Recently I interviewed a consulting manager who had just delivered a very large ERP data migration. What was his biggest challenge? It was getting the business users engaged early in the project. And this is a very familiar story. I have been encountering this same challenge for years in delivering application data migrations. And it cuts both ways, either the business users are unwilling to spend the time, or the IT team does not recognize the need. In this case the team was delayed significantly (the estimate was that a project that should have taken four months lasted nearly seven), as data issues reared their ugly heads at the end of the development cycle, during the first mock load of the data. Lack of collaboration? It has impacts. In the recent white paper published by Informatica, The Five Pitfalls of Data Migration, one of the pitfalls outlined was a lack of collaboration between the business users (or data experts) and the data migration technical team.
What do I mean by business/IT collaboration? Really I am talking about baking data stewardship into the process of application data migration. And the tools to support that process.

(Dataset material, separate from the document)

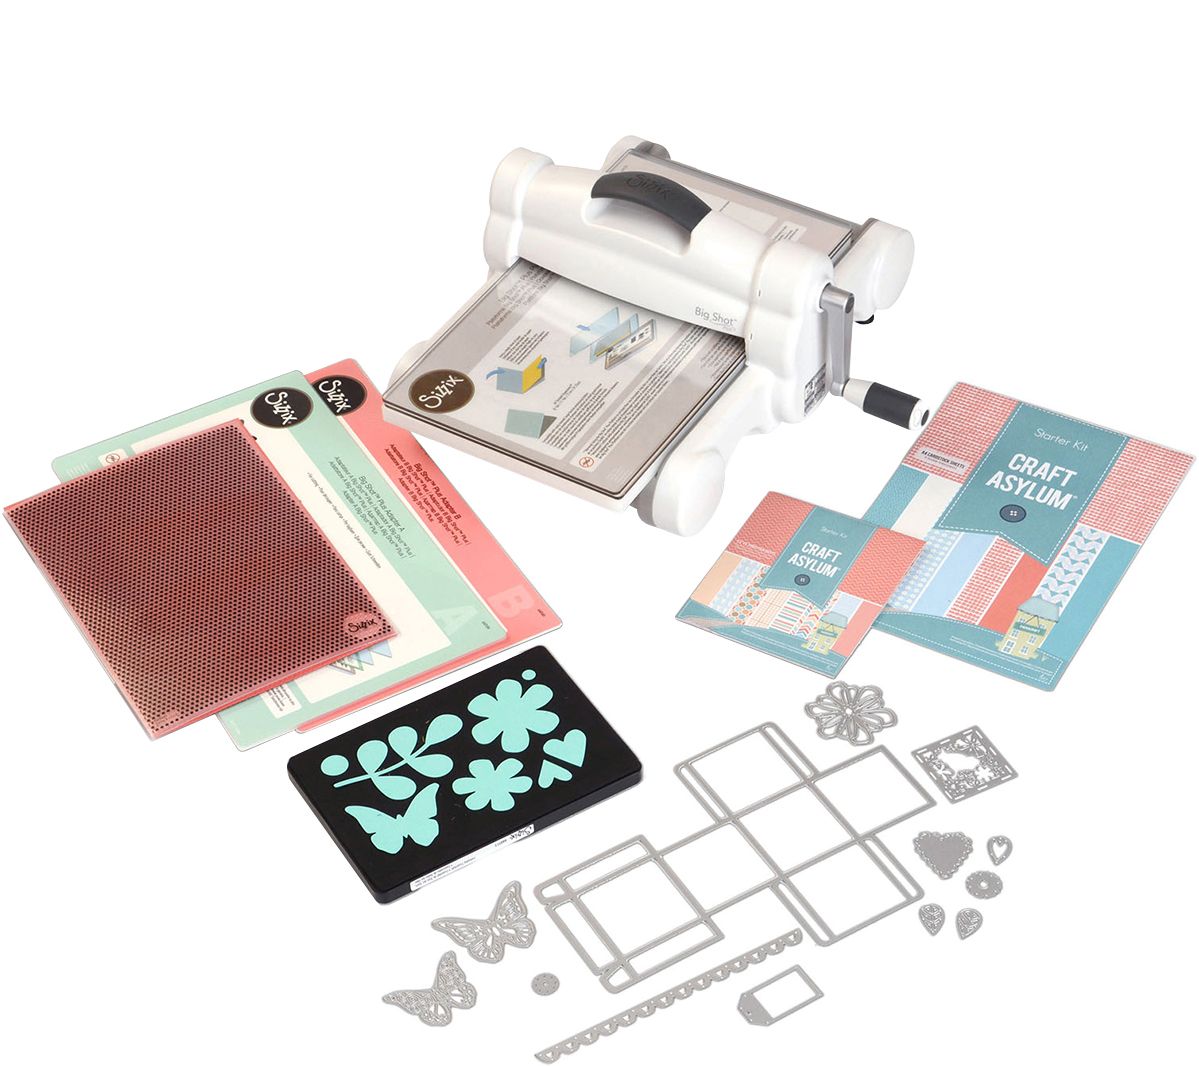  Sizzix Big Shot Plus A4 Die Cutting and Embossing
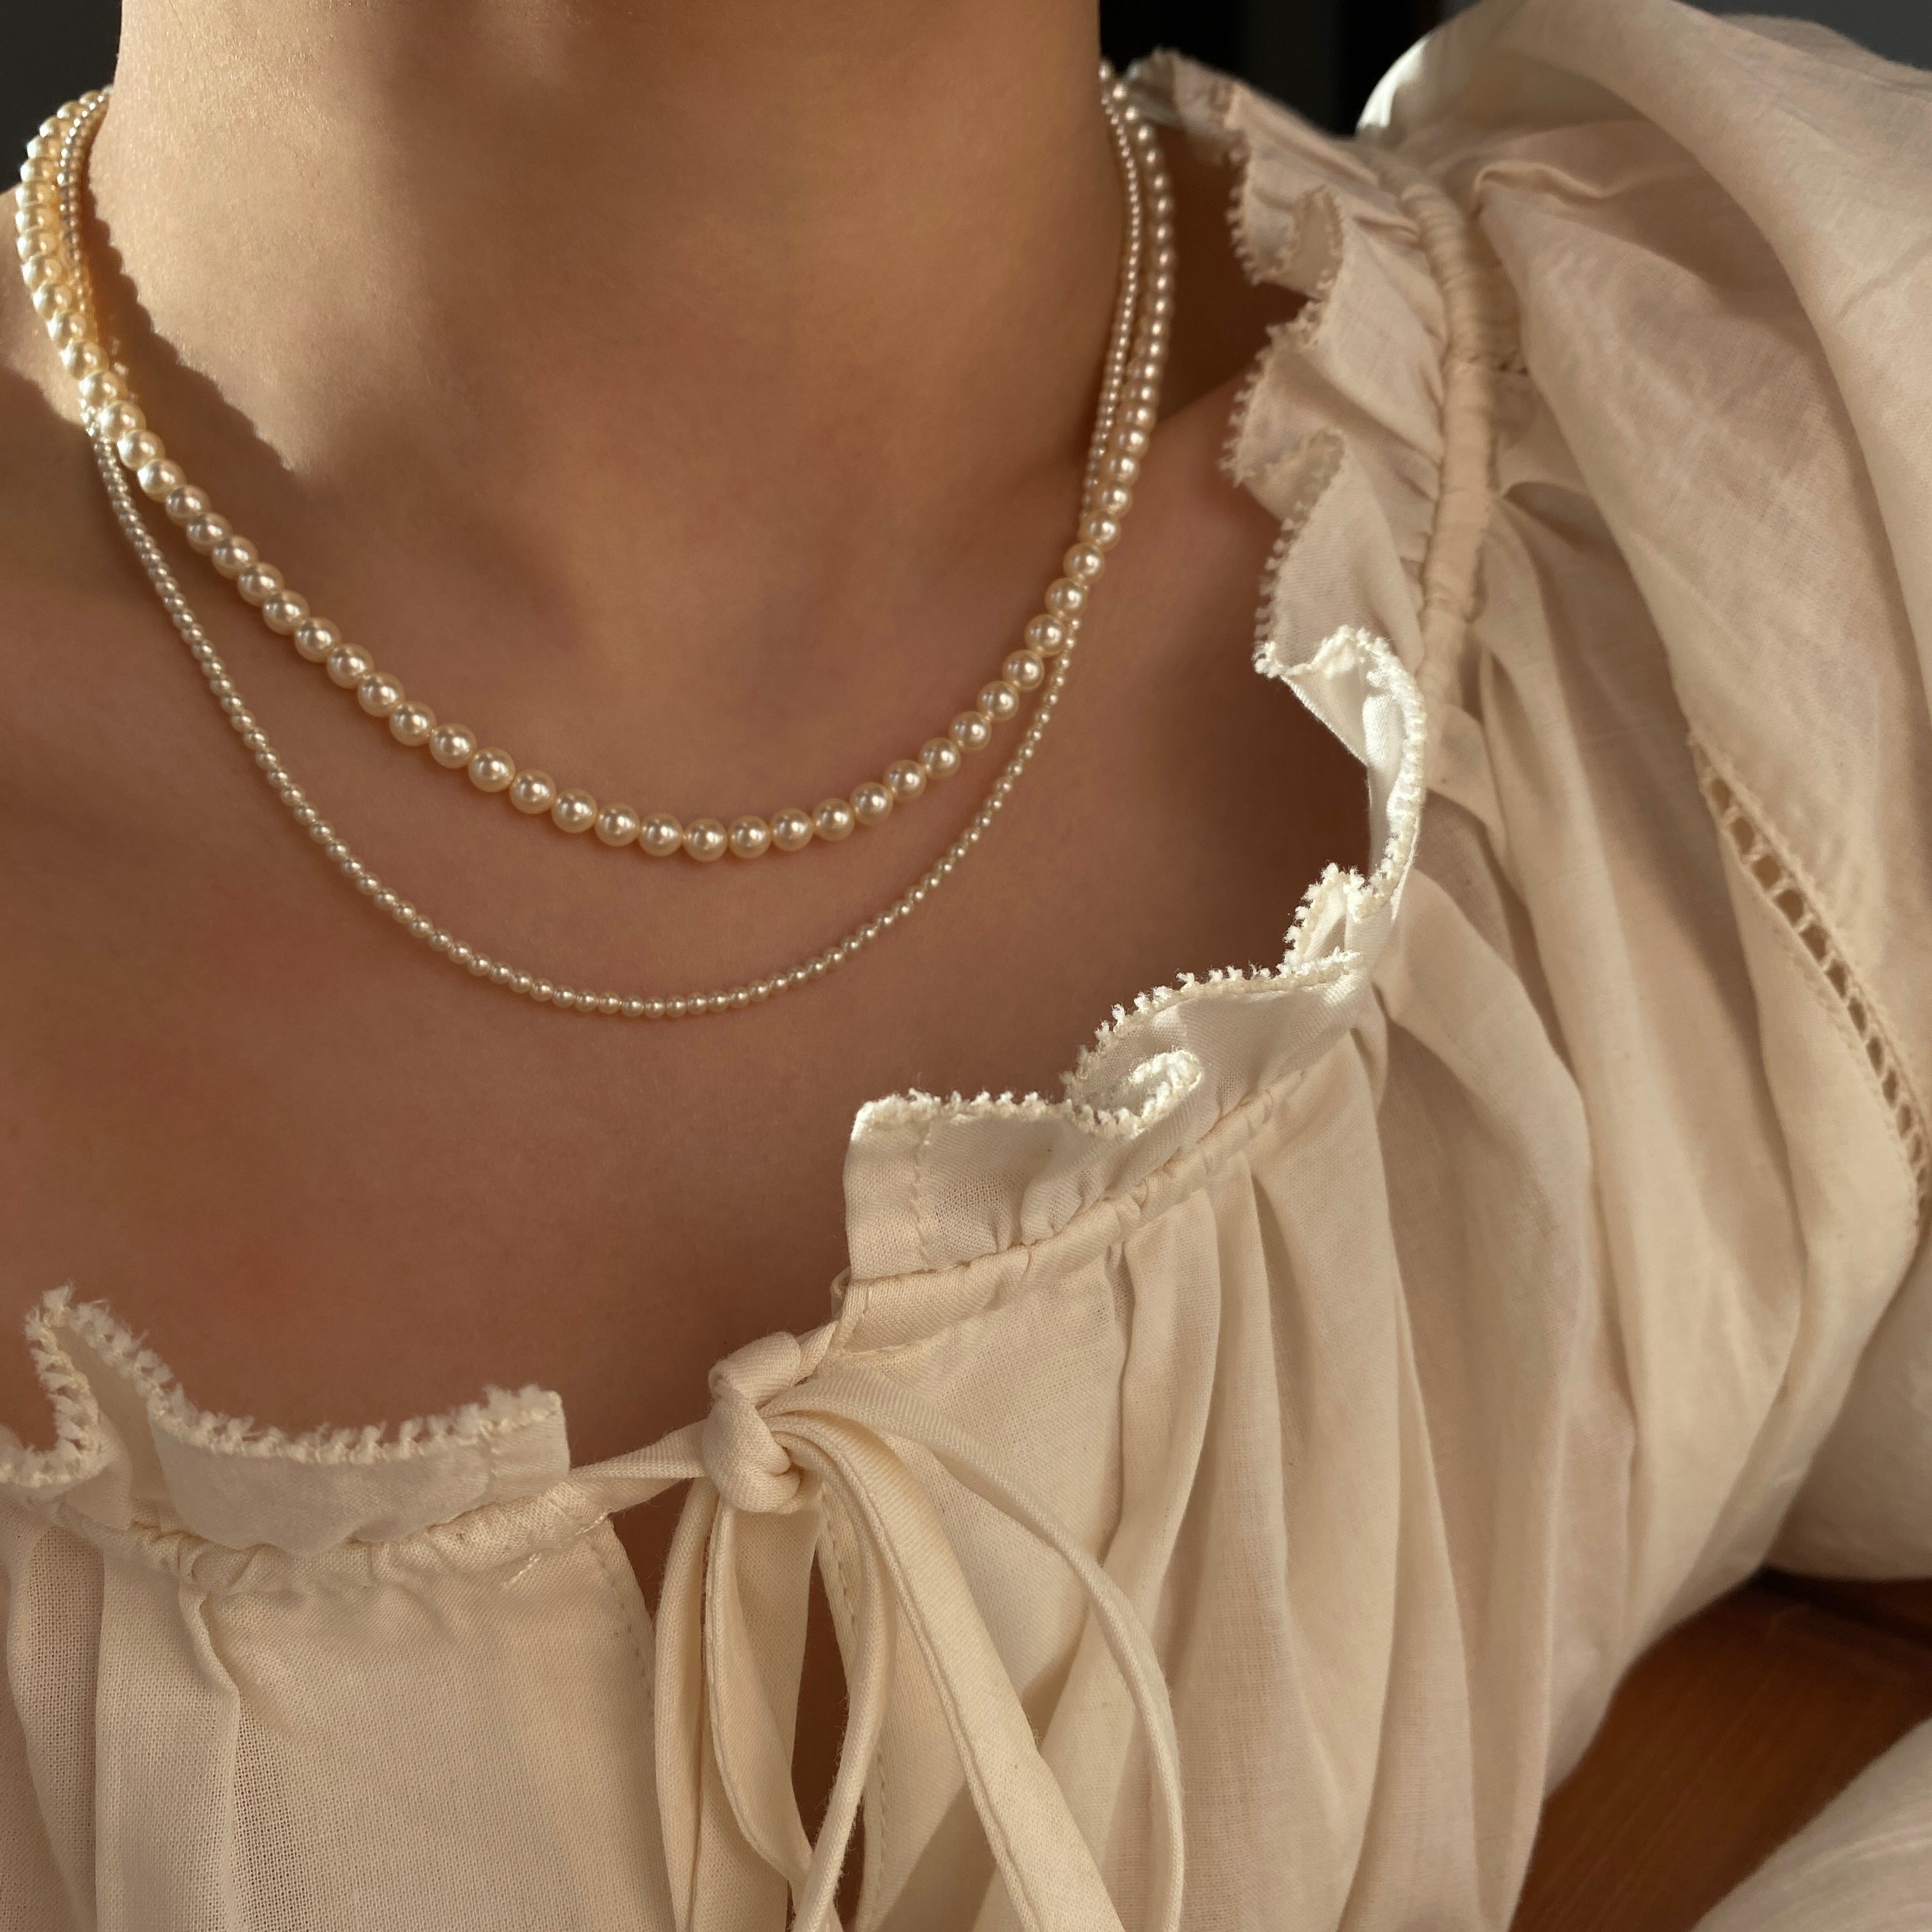 Handmade 14K Gold-Covered Pearl Necklace

Data migration teams often fail to set up the appropriate level of data stewardship, or collaboration, with the business, for a variety of reasons. And this has a far greater impact on the success of an application data migration (and the associated modernization or post-acquisition data integration program) than any other single factor. When business data experts are not involved, then the technical team is often left no choice but to make decisions about what data should move forward, how it should be mapped, or what is ‘good enough’ for the target systems. These are rightfully business decisions. The net result is that there are either delays when the business is brought in to the project to provide guidance on data issues as ‘one offs’, or worse, delays when the wrong data is pulled forward. In the case of my friend the consultant, the data was deemed wrong during the first phase of testing the load and his team was faced with re-writing mappings and business rules to support requirements that could have been identified early in the project.
So what drives this problem and what can we do to resolve it? I see two trends (and I invite you to comment on what you might have experienced). One is that the team as a whole, business and IT, don’t realize the complexity of the data migration challenge, that as part of an upgrade or consolidation you are likely transforming (and that means changing) the data that drives your business. This can be difficult and is always a risk filled proposition. The second common challenge that I encounter is the belief by the team that until we start ‘coding’ or actually moving data, no real work is getting done. There is an unfortunate rush to moving data, before even validating that we have the correct source, what duplicates may exist, or that the mapping reflects the actual state of the source data.
I stepped into project recently to provide some data analysis and discovered that 20% of the master data was missing, MISSING! The developers (and luckily we were still in development) were pulling data from only one of two needed tables. They had not done basic profiling to validate that the source to target mapping provided by the business was correct. However they were well on their way to completing their initial data load. By applying some simple profiling I was able to discover the error and save the team weeks of re-work that would have been needed later in the project. The error would have been caught had the team included an initial data validation and review, combined with an active data stewardship team.
So here are my four recommendations for any data migration, three of which a team should accomplish before development of data migration transformations.
- Validate that you have the correct source using some high level master data analysis. For example, can you prove that you are pulling all the customers? Are there duplicates?
- Spend some time profiling the data on the source and share that information with the business team before you start source to target field level mapping. It is likely that they will be surprised by the findings. And it will improve everyone’s ability to map the data correctly. For example a business user may not realize that there are 50,000 inactive customers in the database, from a previous migration or a failed archive process. Or that the code set that is believed to have five valid values actually has 15.
- When the source to target mapping is complete, run some targeted data profiling to ensure that the assumptions are correct. For example, are the fields fully populated? Can the source data support the referential integrity of the target?
- Finally, continue profiling and evaluating the quality of the data throughout the migration process, and sharing this information with the business. For example, are you expecting to see this many duplicates?
All of these practices require a good working relationship, and a commitment, from the entire team, business and IT, data stewards and developers. I see systems integrators and IT shops approaching this in various ways (and often looking to improve on the practice with each subsequent migration). Some are taking a more informal approach of having the data experts assigned and co-located with the technical team. Other organizations, especially those that are geographically dispersed, are creating very specific project and cutover plans that define, step by step, what the collaboration (or data stewardship) tasks are and who is responsible.
For example, a global manufacturing company has embarked on a modernization program where they are de-commissioning hundreds of legacy applications. For each application data migration they start with a template project plan, identify the data stewards and data experts and gain commitment from them for mapping, data quality review and validation. The team 1) can identify exactly for what and how long the data expert must commit, and 2) will not move forward on the project without the commitment.
These changes in approach are driving how we use software as well. For example, the need for the business to ensure regulatory compliance via data governance processes can be enabled using effective metadata management and self-documenting mappings. For the needed cleansing and validate of migrated data, the data migration team can provide business users with data quality dashboards and data profiling results (or access to data profiling tools). The creation and sharing of these assets is becoming increasingly easier over time.
So what are you seeing out there for business/IT collaboration on application data migrations? Would love to hear from other practitioners.